Images should be left out, and everything else in the listing reproduced exactly.

SUPPLIED MATERIAL:
_ _ _ _ _
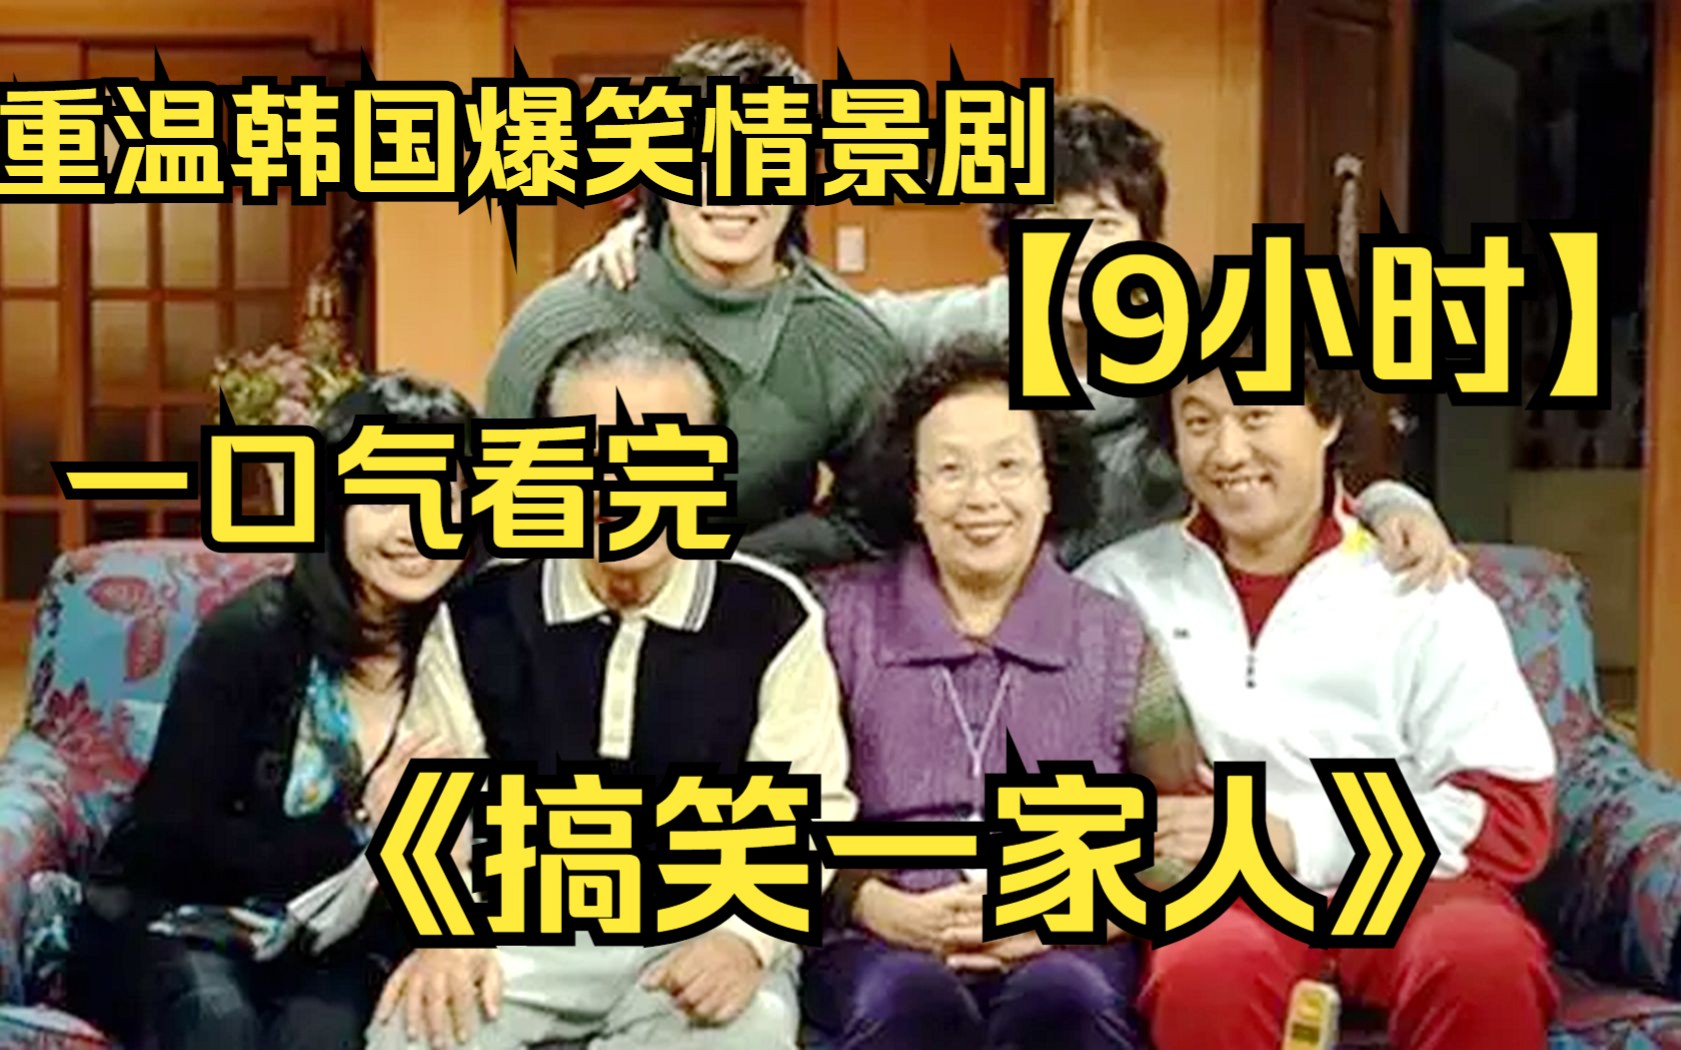 【9小时】一口气看完韩国爆笑情景喜剧《搞笑一家人》重温经典爆笑合集，爷青回！
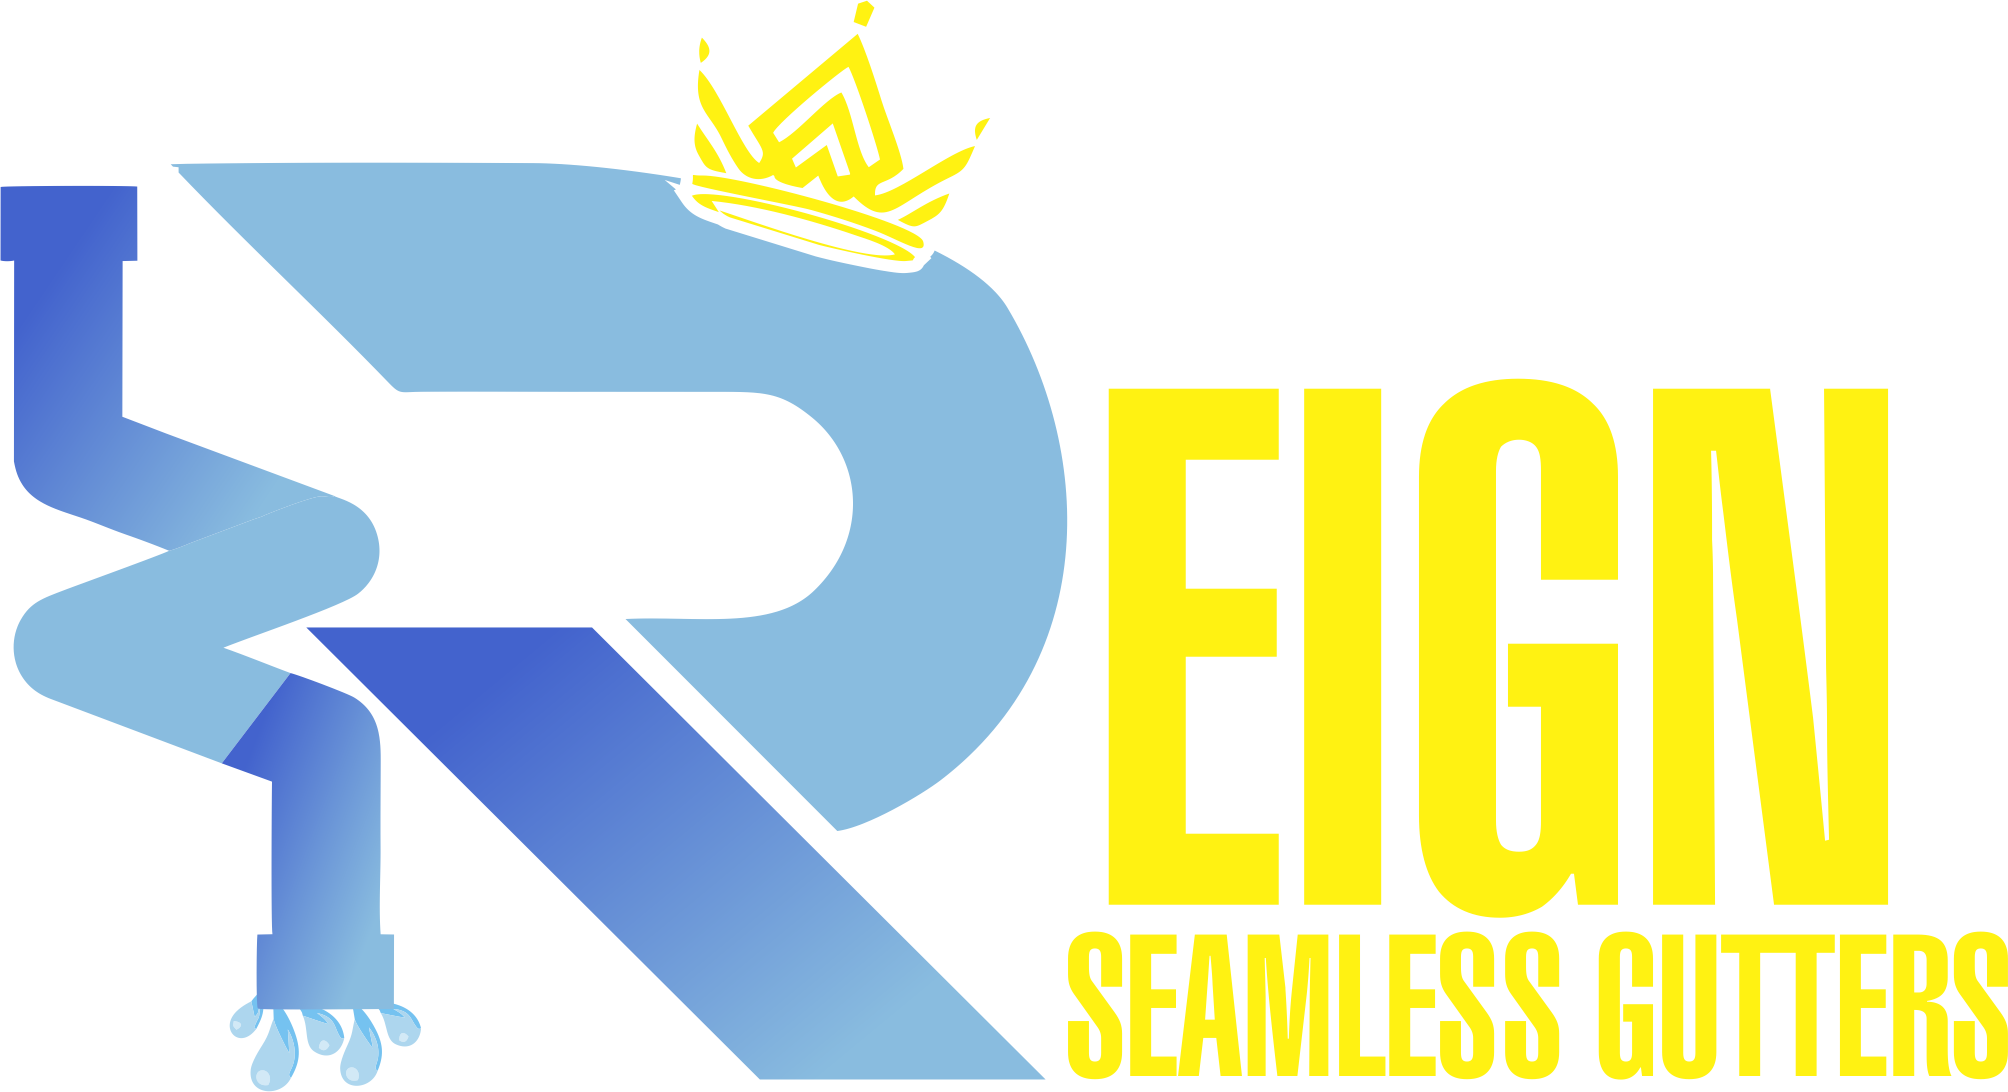 Reigns Seamless Gutters Logo
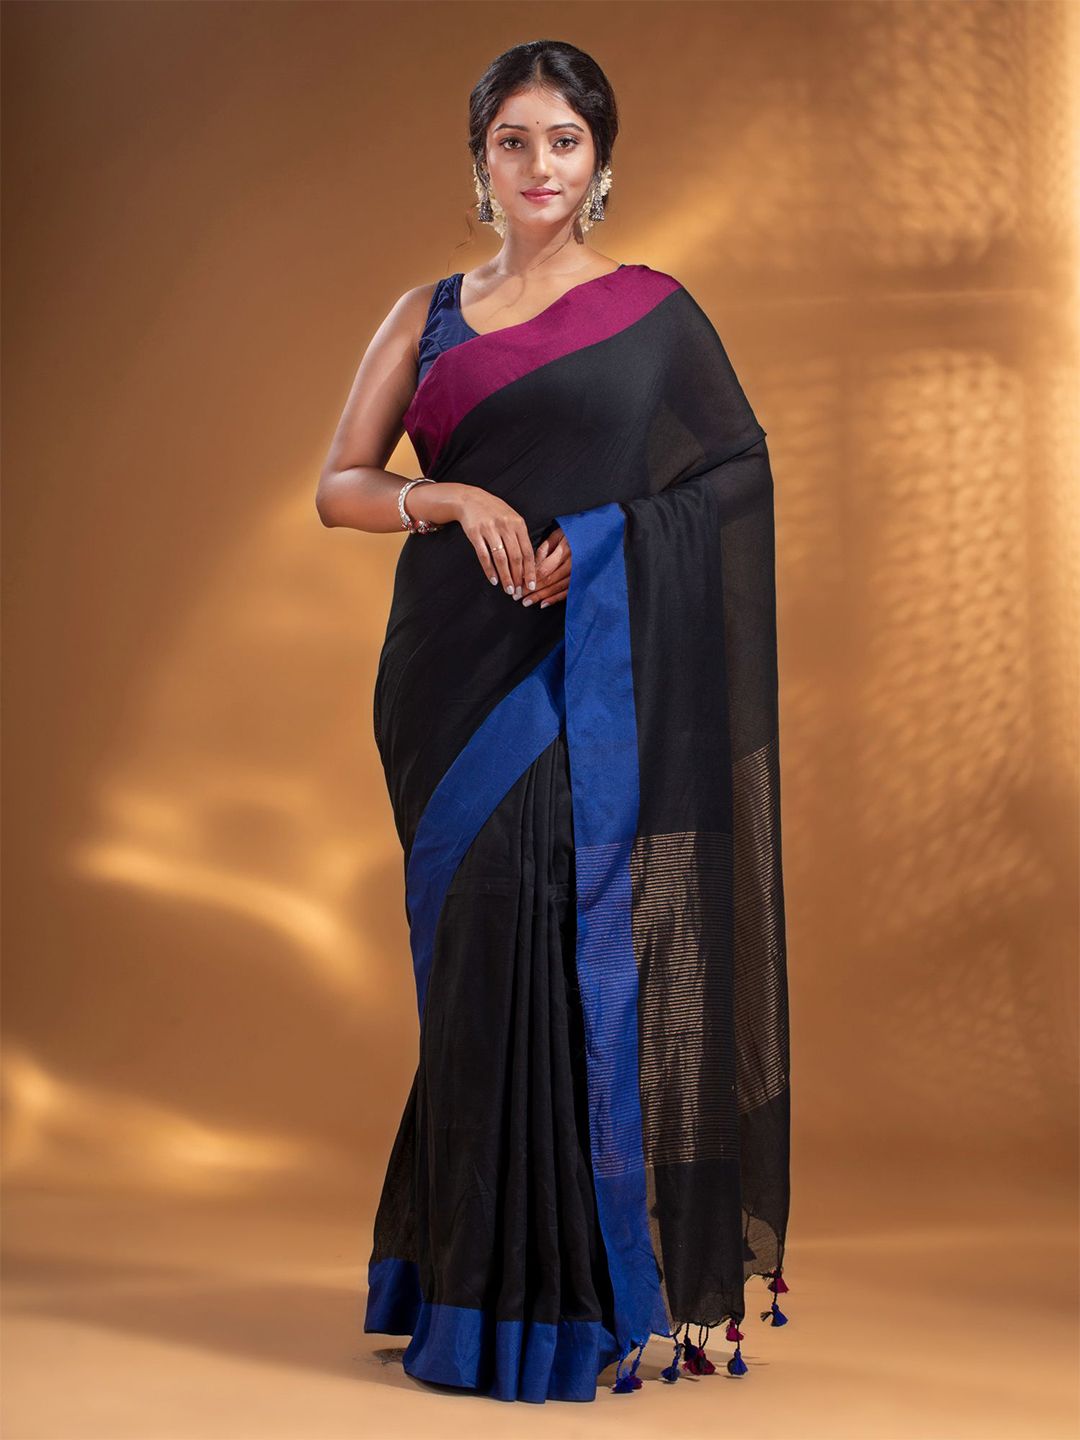 Arhi Black & Blue Woven Design Pure Cotton Saree Price in India
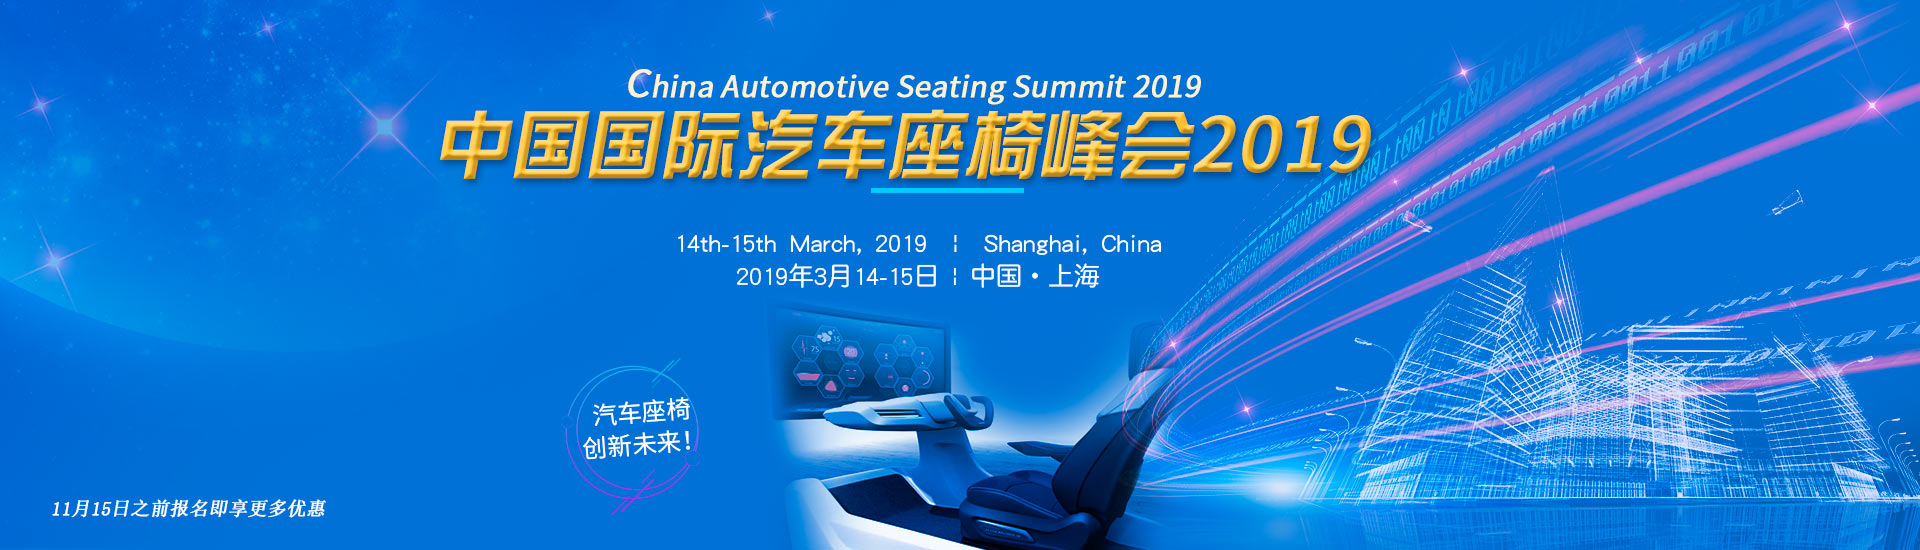 中国国际汽车座椅峰会
_ _ _ _ _
RESPONSE BOX:
 【9小时】一口气看完韩国爆笑情景喜剧《搞笑一家人》重温经典爆笑合集，爷青回！
 Reigns Seamless Gutters Logo
 Arhi Black & Blue Woven Design Pure Cotton Saree Price in India
 中国国际汽车座椅峰会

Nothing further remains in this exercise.